**TASK ITEM:**
No pictures in the copy, please: retype all the records exactly.

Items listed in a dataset
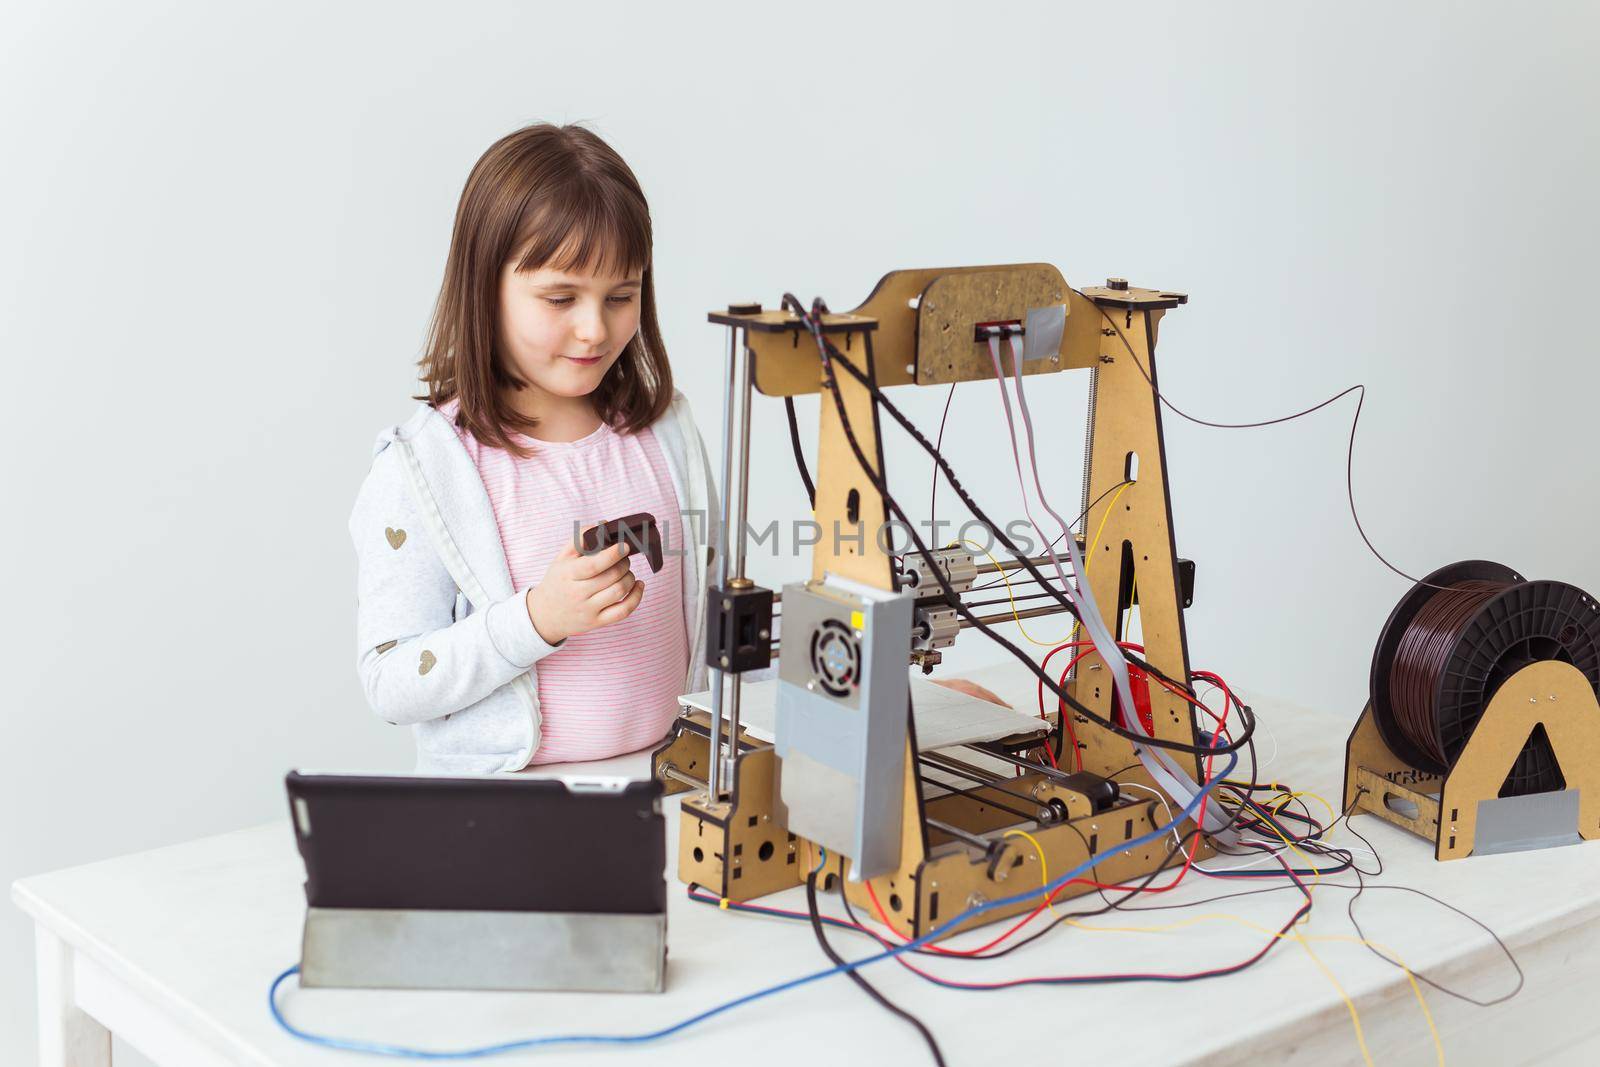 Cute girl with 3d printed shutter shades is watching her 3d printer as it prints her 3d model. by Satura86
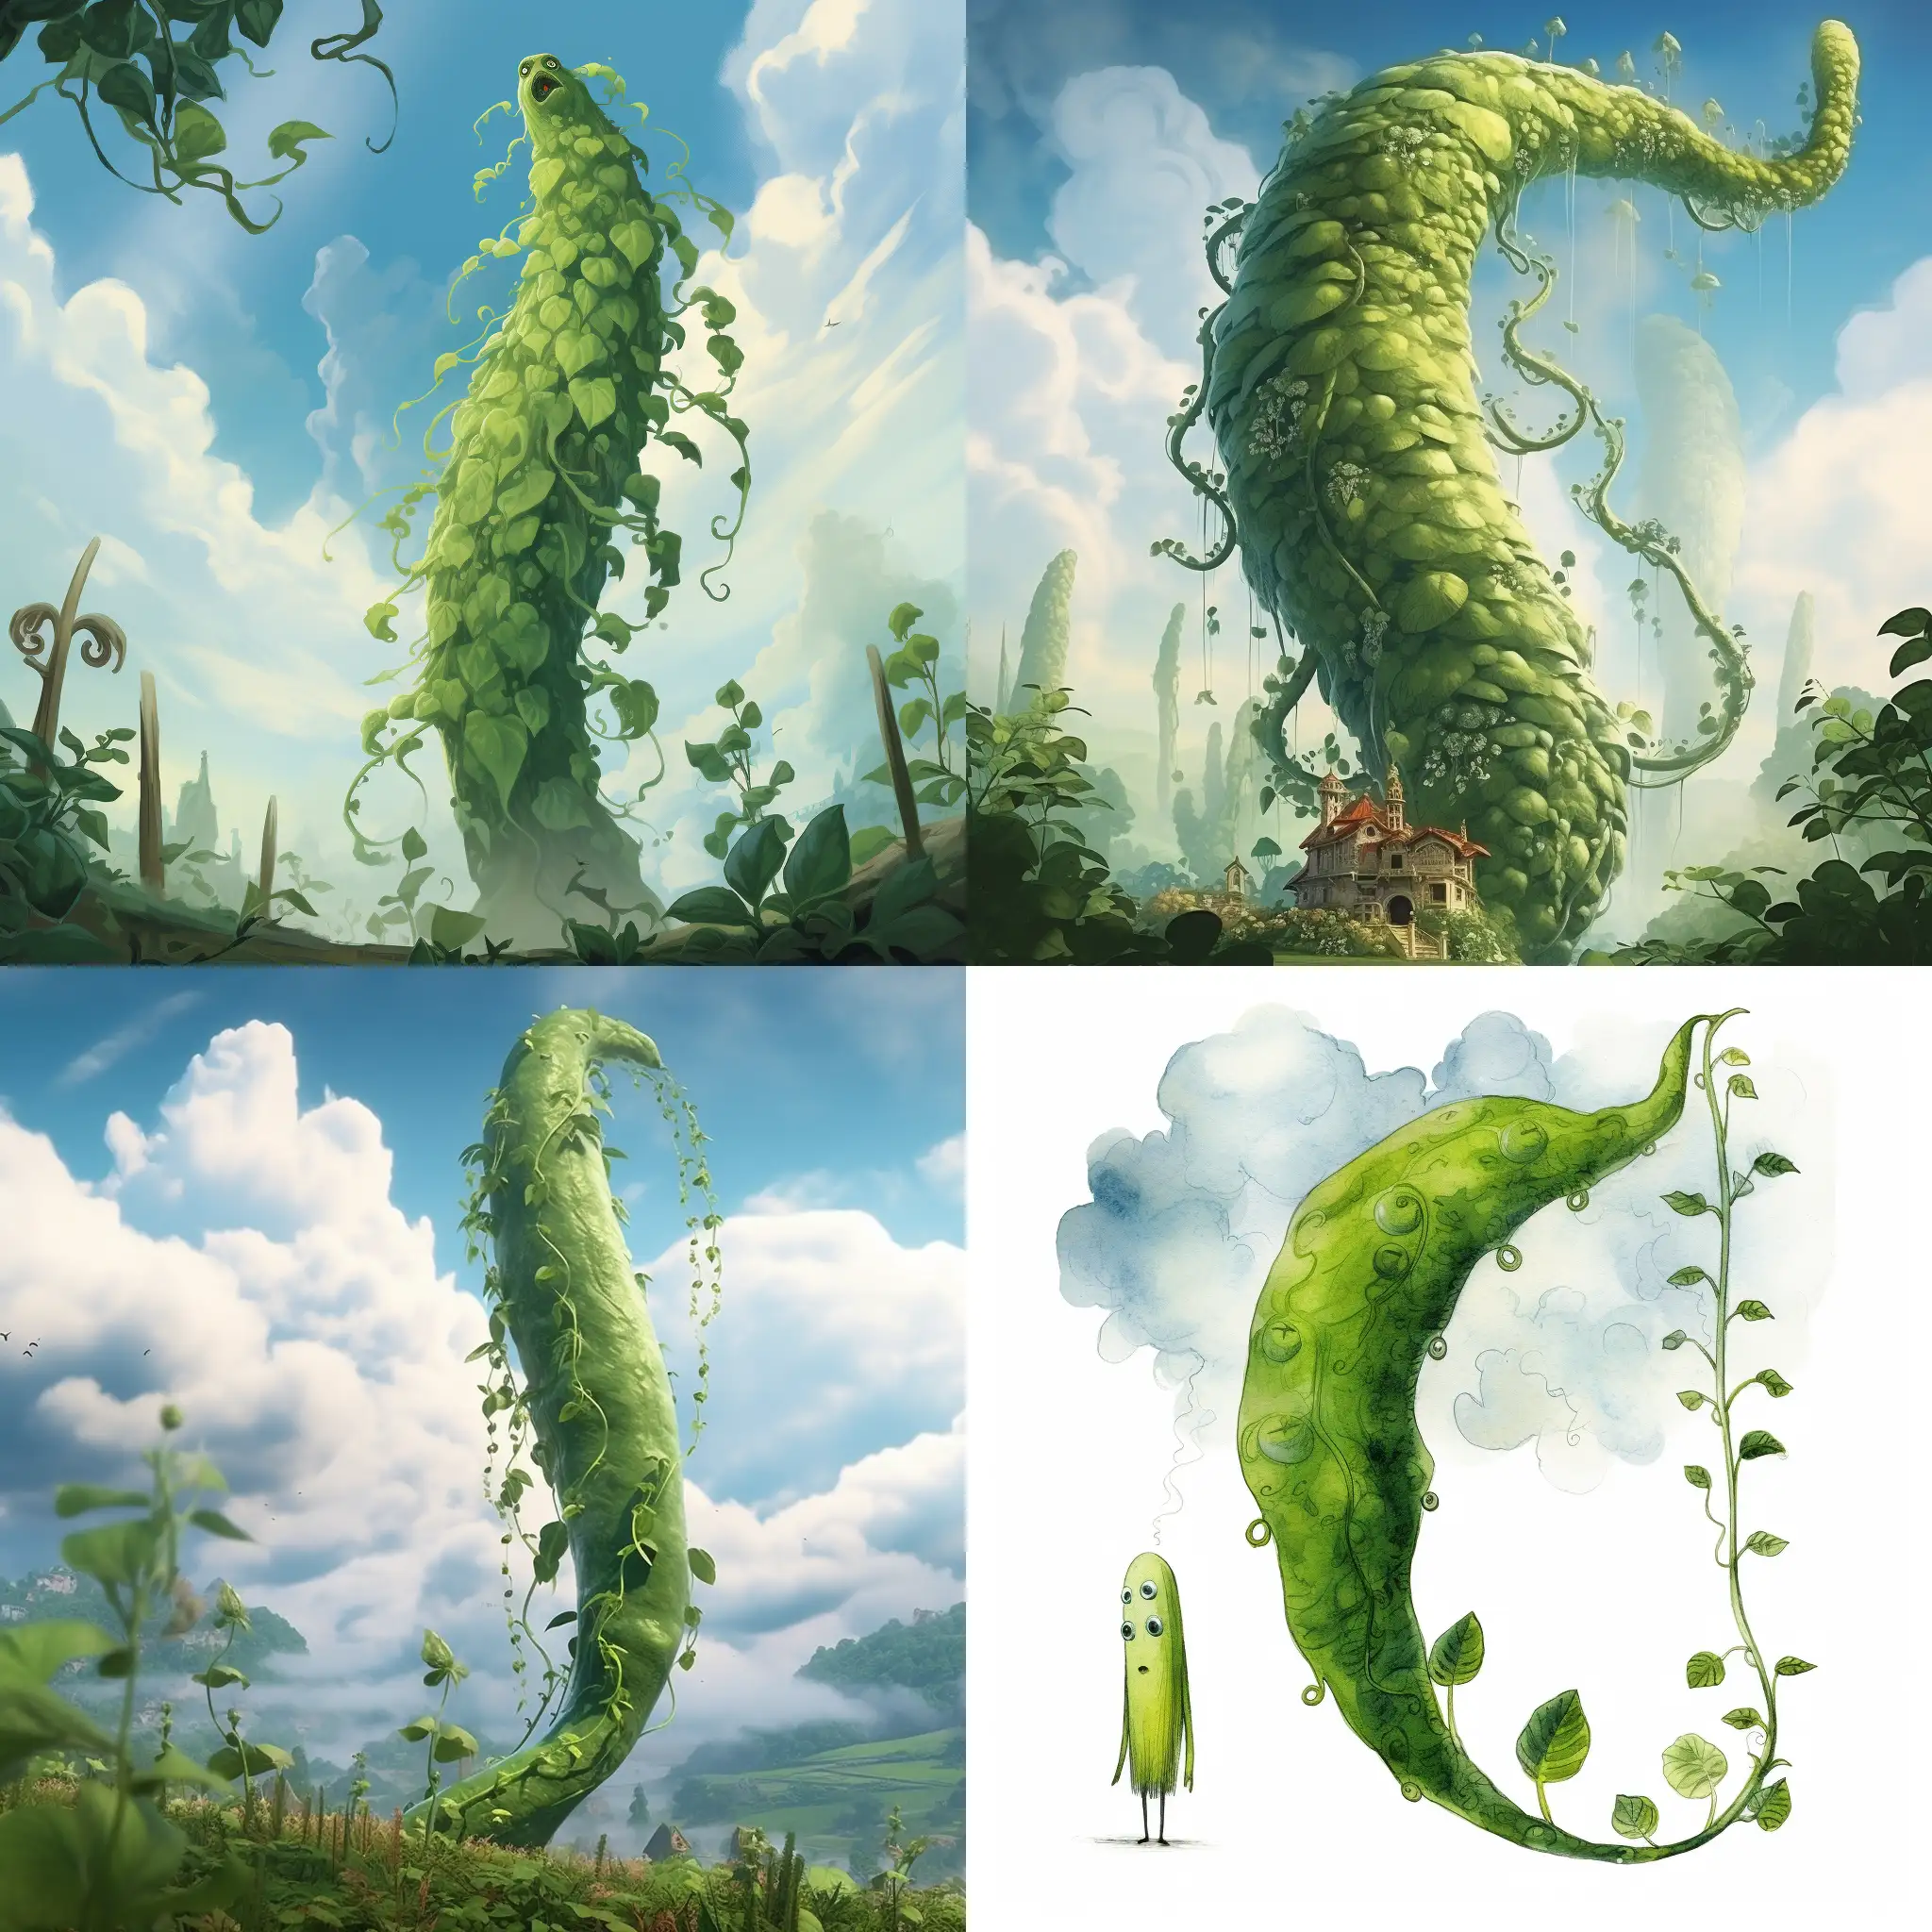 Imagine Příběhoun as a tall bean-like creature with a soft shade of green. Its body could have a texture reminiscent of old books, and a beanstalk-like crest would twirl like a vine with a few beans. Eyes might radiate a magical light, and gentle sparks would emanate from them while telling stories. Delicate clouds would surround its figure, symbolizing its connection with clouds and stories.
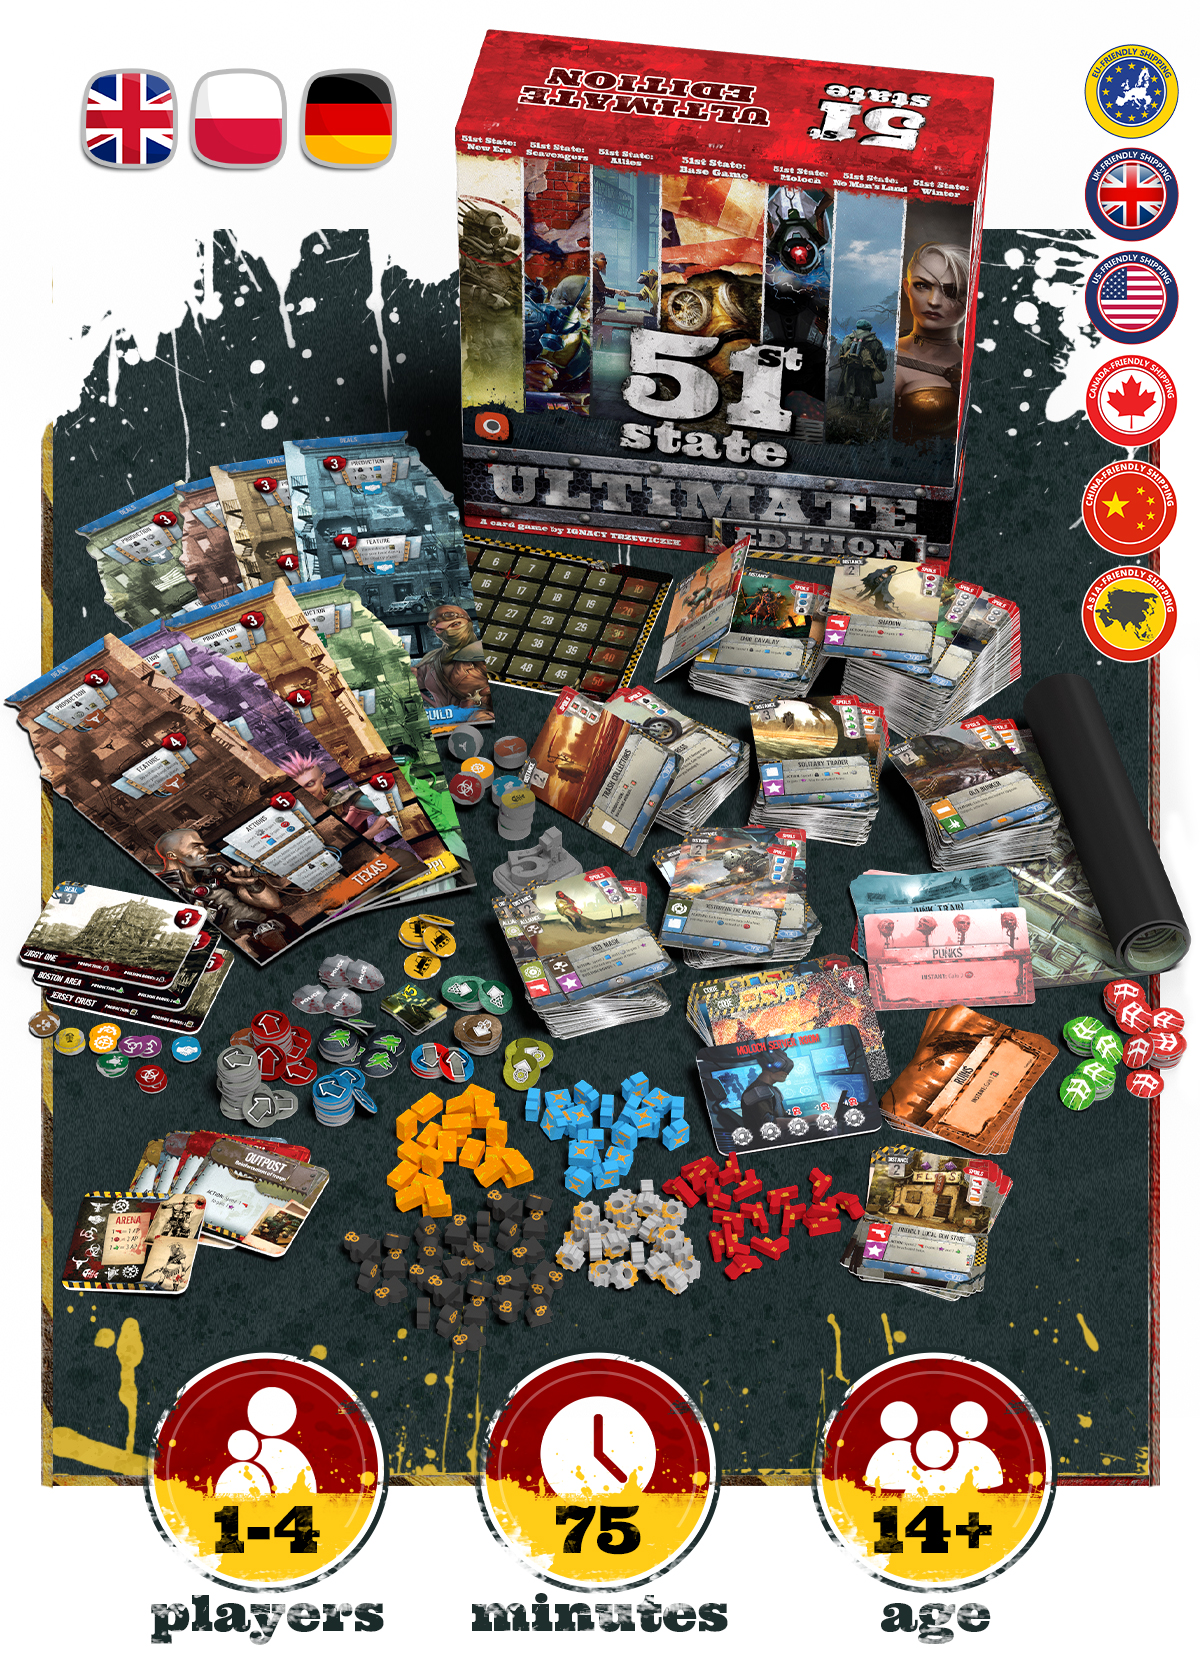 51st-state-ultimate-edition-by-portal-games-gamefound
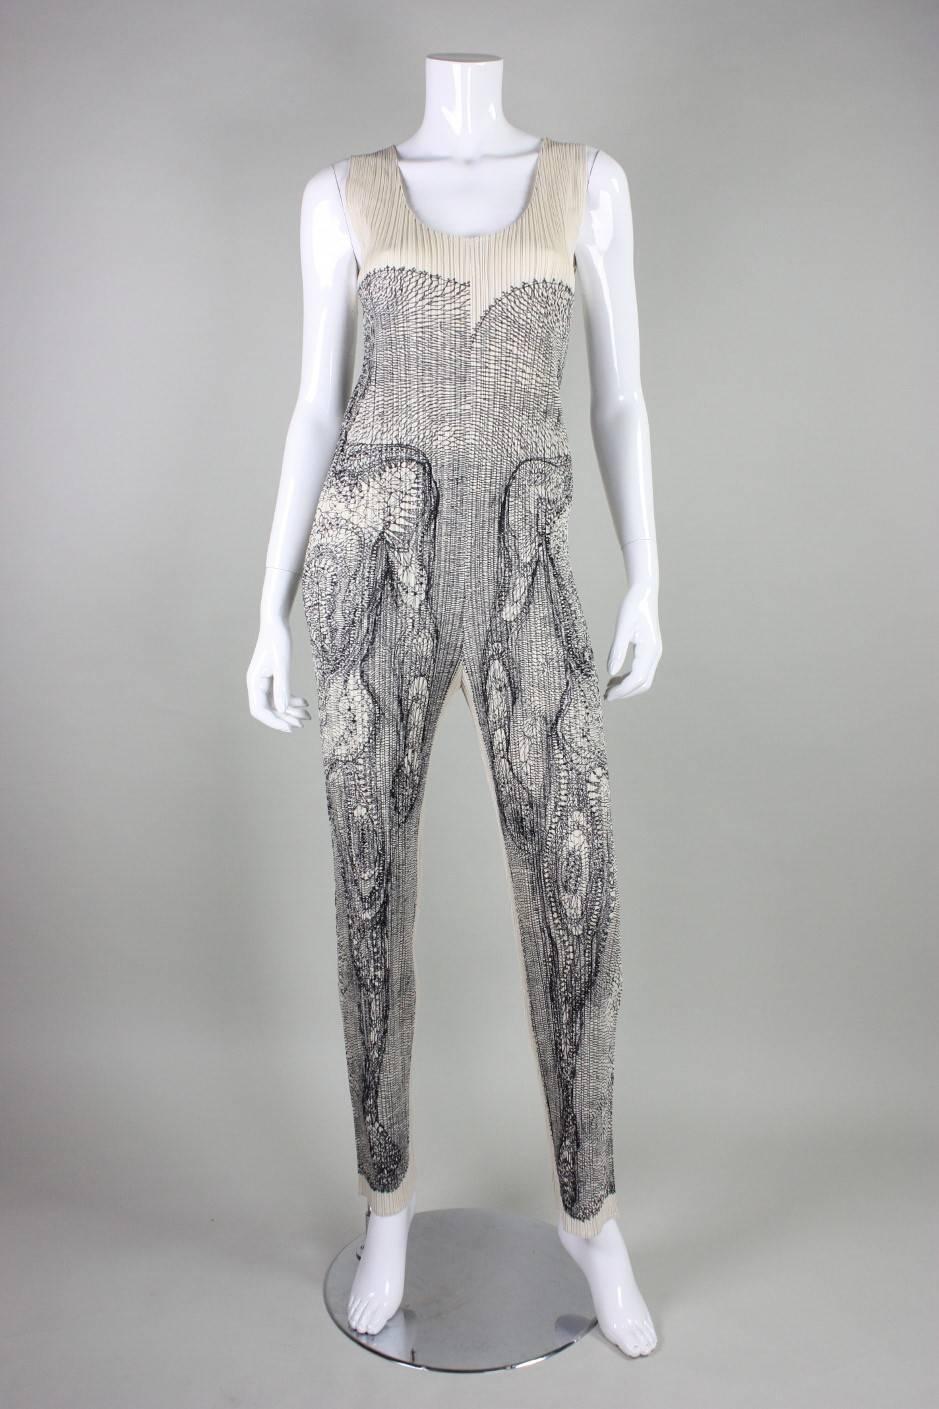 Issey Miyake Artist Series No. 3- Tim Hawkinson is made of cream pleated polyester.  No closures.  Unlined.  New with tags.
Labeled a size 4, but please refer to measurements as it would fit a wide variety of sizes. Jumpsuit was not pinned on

**ANSWER TO THIS EXERCISE:**
 Cute girl with 3d printed shutter shades is watching her 3d printer as it prints her 3d model. by Satura86
 Imagine Příběhoun as a tall bean-like creature with a soft shade of green. Its body could have a texture reminiscent of old books, and a beanstalk-like crest would twirl like a vine with a few beans. Eyes might radiate a magical light, and gentle sparks would emanate from them while telling stories. Delicate clouds would surround its figure, symbolizing its connection with clouds and stories.
 51st-state-ultimate-edition-by-portal-games-gamefound
 Issey Miyake Artist Series No. 3- Tim Hawkinson is made of cream pleated polyester.  No closures.  Unlined.  New with tags.
Labeled a size 4, but please refer to measurements as it would fit a wide variety of sizes. Jumpsuit was not pinned on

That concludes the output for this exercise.